Once the continuous optimization has converged, we compare the final cost C in a given iteration with the current best one C_best. If the cost C is lower than the current best, the new discrete parameters $\vec{k}$ and $\vec{c}$ are accepted. If it is larger, the change is accepted with probability exponentially decreasing in the difference C − C_best following the simulated annealing method.

Every few iterations we check whether the current gate sequence ${G}_{\vec{k}}$ can be compressed. This goes well beyond the simple checks following the update of vector $\vec{k}$ described above. Here, we are trying to find a subsequence of ${G}_{\vec{k}}$ that can be nontrivially rewritten using the same or a smaller number of gates. If such a subsequence is found, we modify ${G}_{\vec{k}}$ accordingly, as this may lead to shortening the gate sequence without increasing the cost. Since the total number of gates is fixed, such compression results in the ability to add gates to the sequence. If that is the case, we insert one-qubit identity gates and reoptimize their continuous parameters as described above. To check if a given subsequence can be rewritten we recursively use the same approach that we use for the full algorithm, which is essentially described in figure 4 except in this case we do not consider the post-processing vector $\vec{c}$.

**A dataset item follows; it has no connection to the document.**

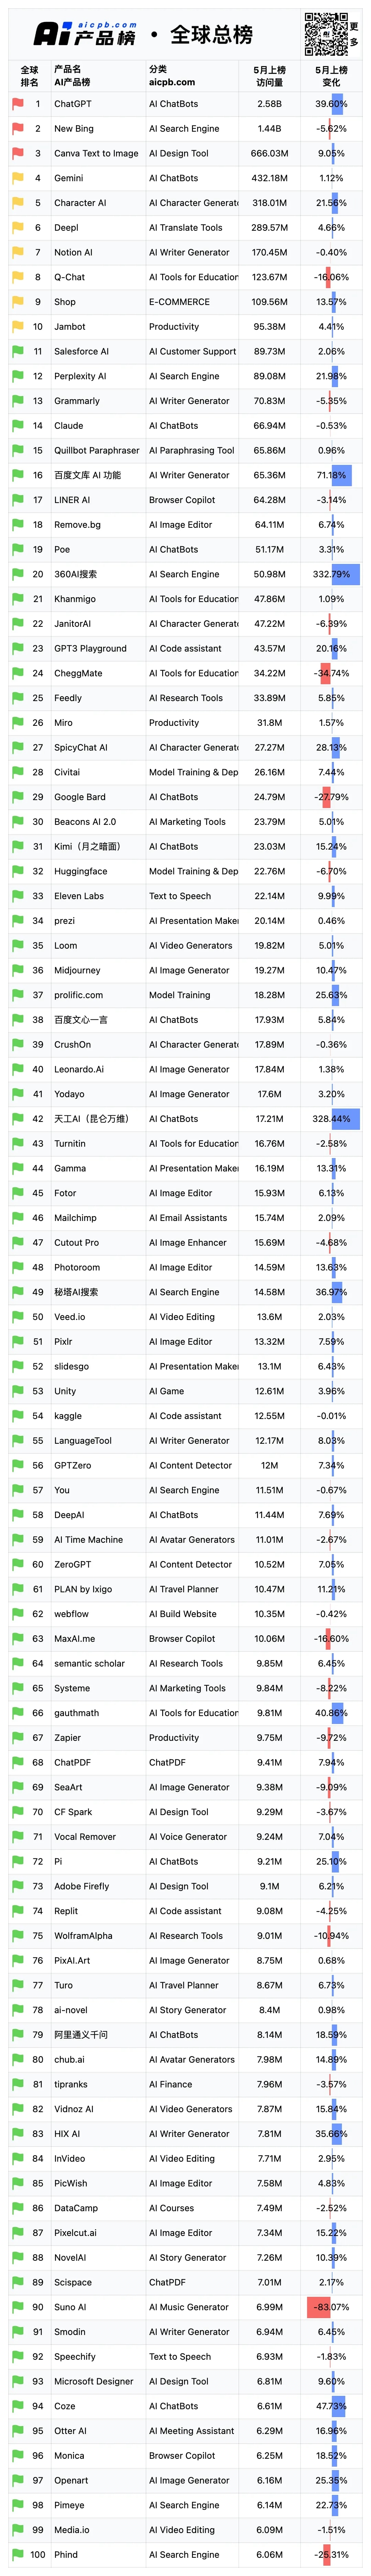 5月份AI产品榜-全球总榜数据
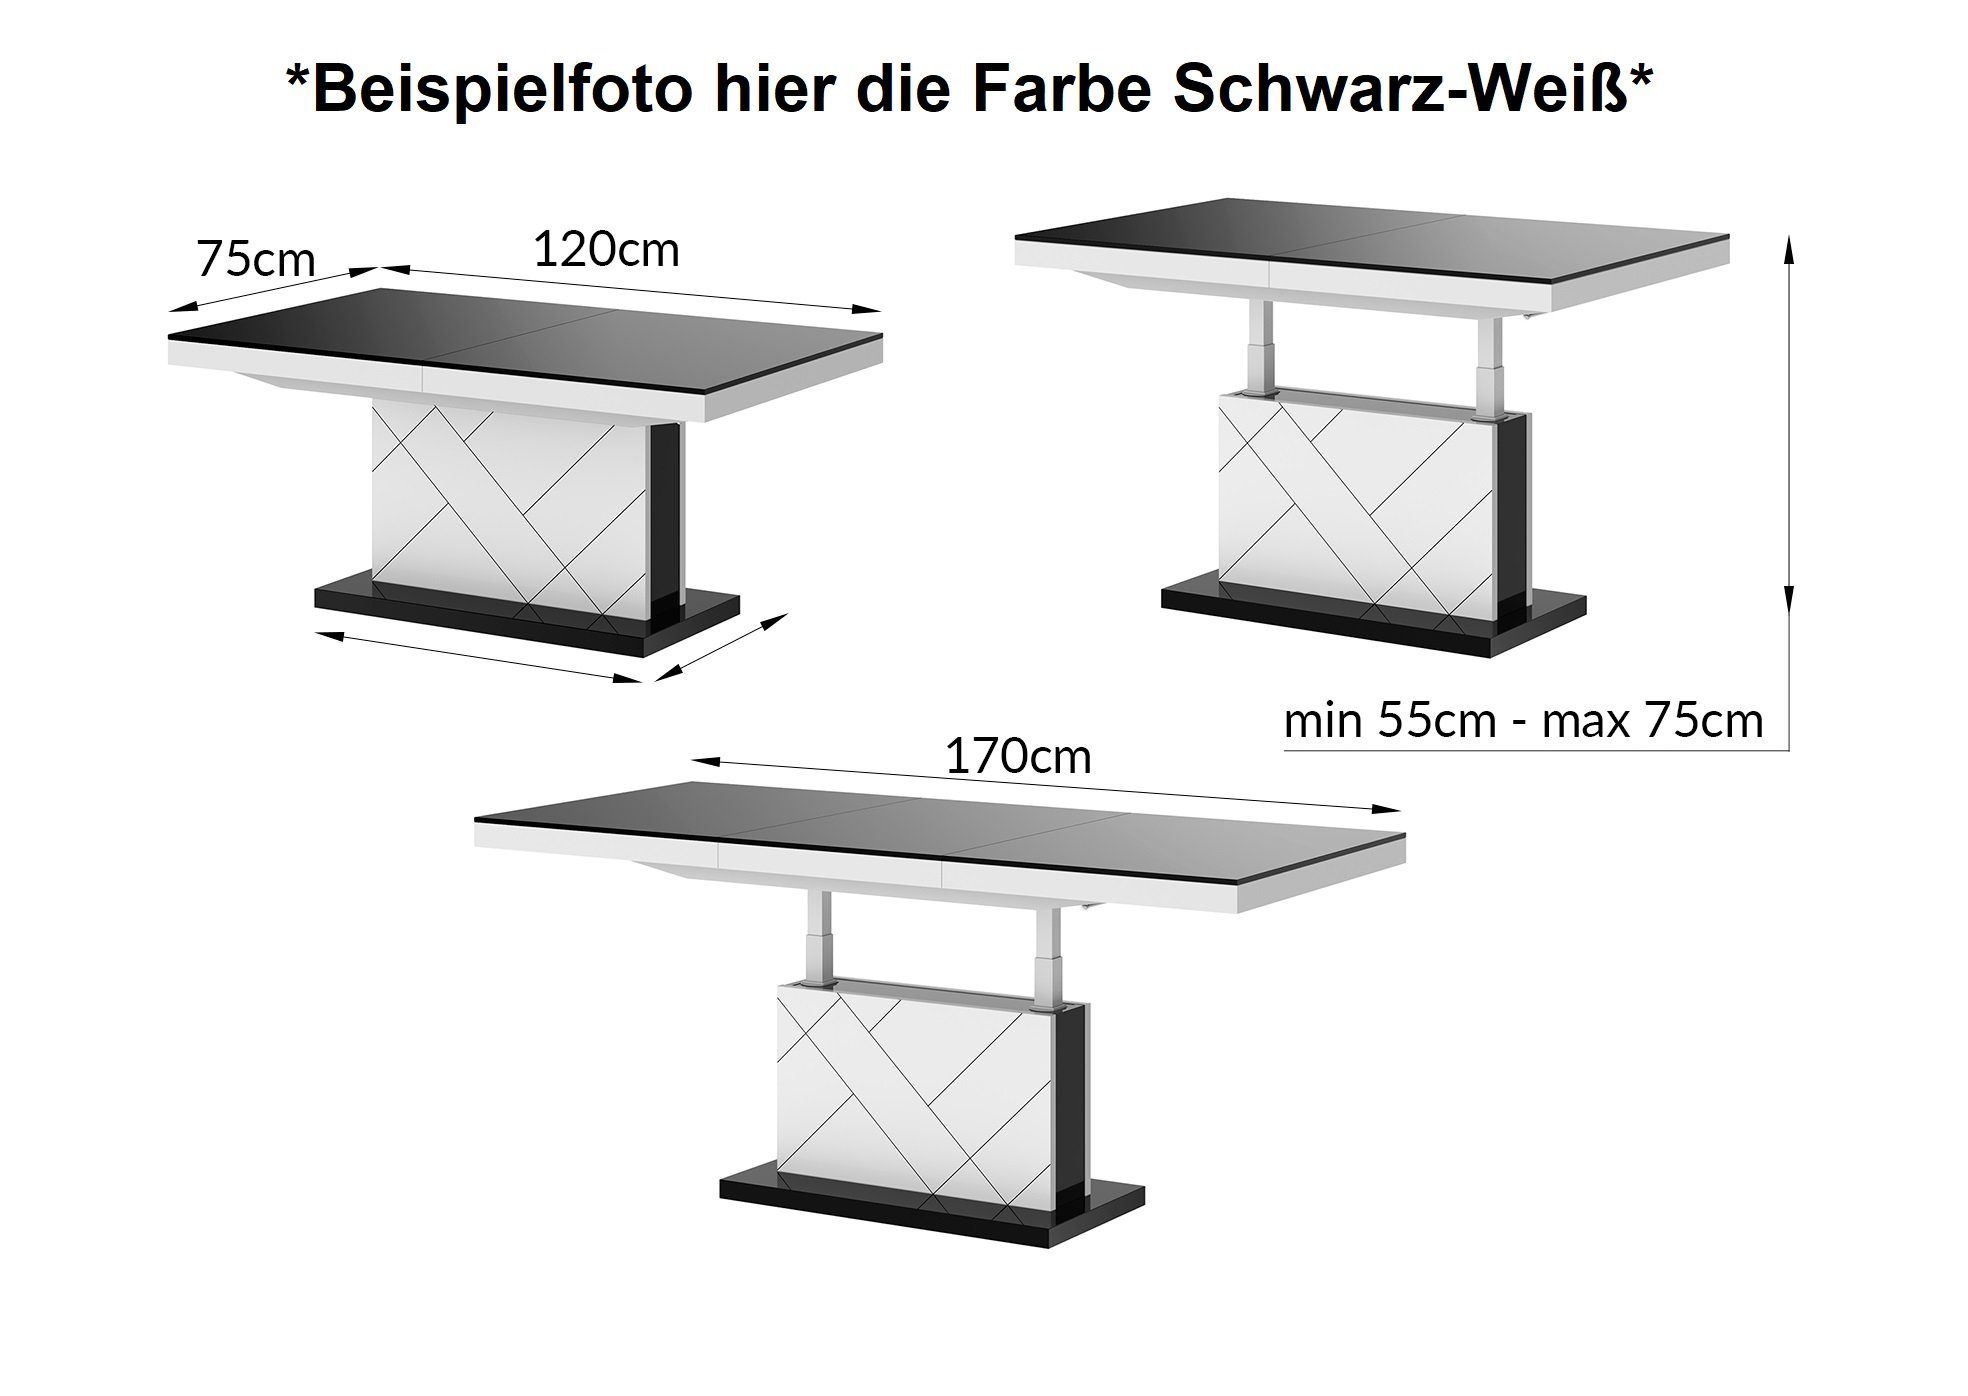 Hochglanz / ausziehbar Grau höhenverstellbar / Tisch Weiß HM-333 Design Hochglanz Couchtisch Grau Weiß designimpex Hochglanz

We remark that the cost function may be difficult to optimize primarily due to many low lying local minima. Thus, it is important to develop techniques to increase the chances of avoiding them. We found it particularly useful to compress the gate sequence periodically, as random updates to vectors $\vec{k}$ and $\vec{c}$ tend to produce local minima that usually include redundant subsequences. As described above, we have developed automated tools to remove such subsequences, which usually allows us to escape local minima.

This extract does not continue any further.